He’s only ever designed and directed a trio of games since founding Quantic Dream, but David Cage is still the greatest mind the video game industry has seen as far as I’m concerned. Yes, I’m putting him in precisely the same league of greats like Shigeru Miyamoto, Ralph Baer and others of the same stature.
Unfortunately, many of you might not have played one of his three games, though only the most recent one really soared in popularity. The games I’m referring to are the Dreamcast and PC game Omikron: The Nomad Soul; the PC, PS2 and Xbox game Fahrenheit, known as Indigo Prophecy stateside; and Heavy Rain, a game that is unfortunately only on the PS3. What all of these games have in common are that they’re innovative games that don’t focus on the same generic action and really make you think; they tell stories and let you truly get to know the intricacies of your characters so you connect to them and feel the pain they’re feeling. There aren’t nearly enough games these days—are there any?—that take this time to allow you to personally invest yourself in the world before you.

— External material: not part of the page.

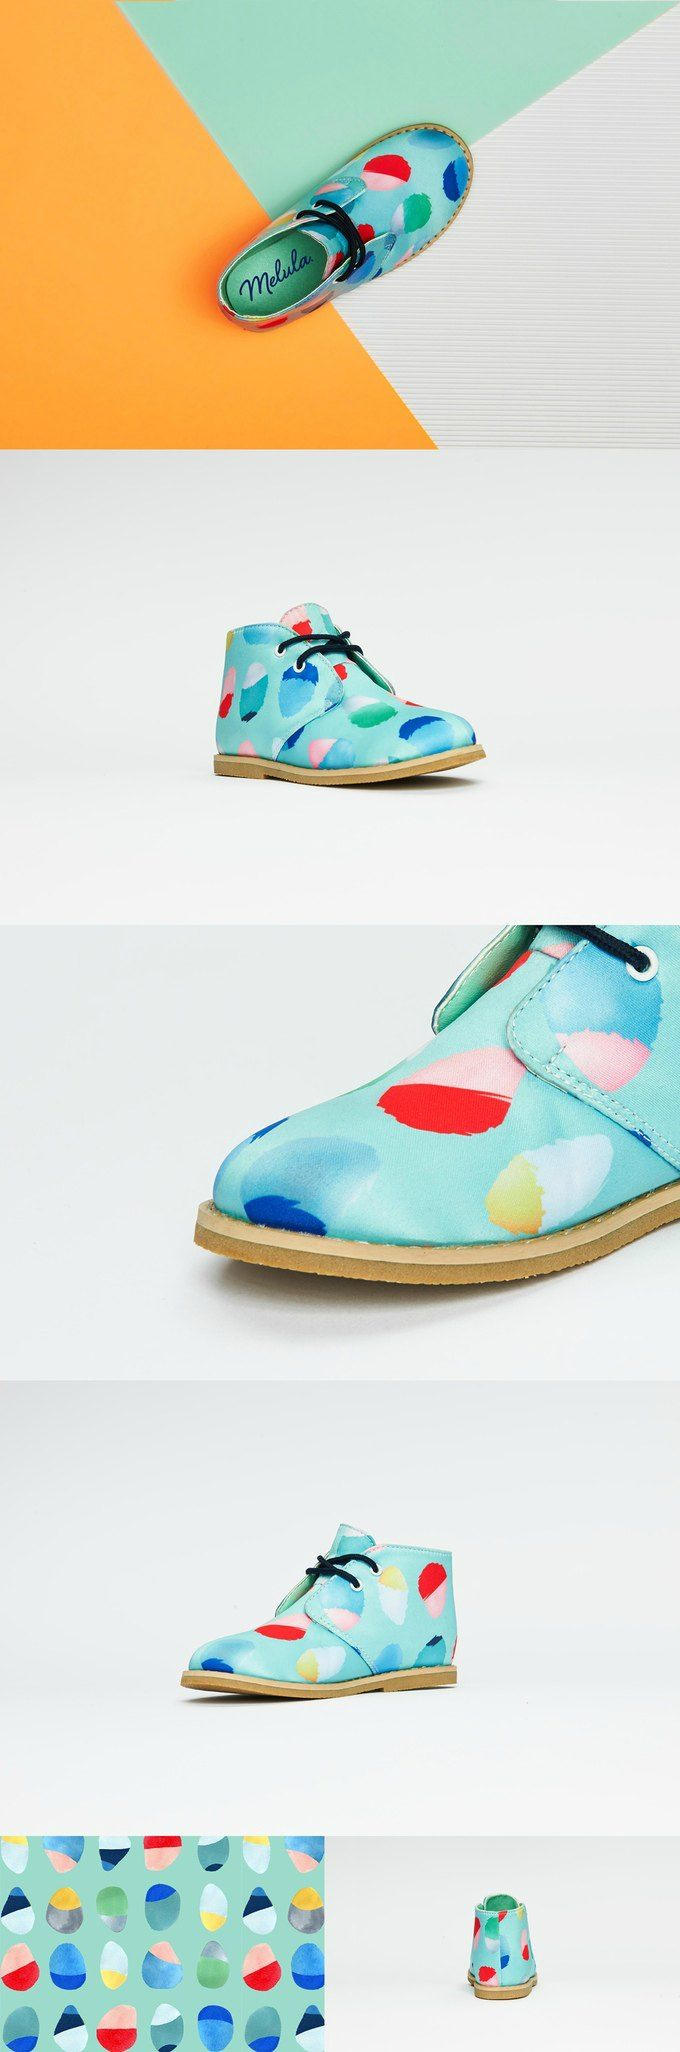 Melula, Well-designed Scandinavian Shoes - Petit & Small #melula #melula_copenhagen #melulashoes

Fahrenheit puts you in the hands of both Lucas Kane, a man forced to murder a man, as well as the two cops investigating his crime. This allows you to see both sides of the story while you can mildly place some bias toward one side or the other. Heavy Rain takes it one step further, putting you in control of a reporter on a mission, a pair of detectives and the father suffering the loss of his child. Moral choices, huge consequences and the very lives of your characters are all put to the grinder in this game, and you feel so much for every character that it’s impossible to know what to do. There’s so much more I wish I could tell you about this game, but it would really ruin it if you haven’t already played it. As for Omikron’s greatest claim to fame for me, it’s the central focus on David Bowie. That’s honestly all I have to say there.
Honestly, I hope that Quantic Dream continues to thrive so David Cage can keep delivering us interactive heartstrings to tug. Maybe Miyamoto brought us great, long-lasting IPs, it’s safe to say that Quantic Dream games will never turn into a franchise of repeated ideas that, while good, get a little used after awhile.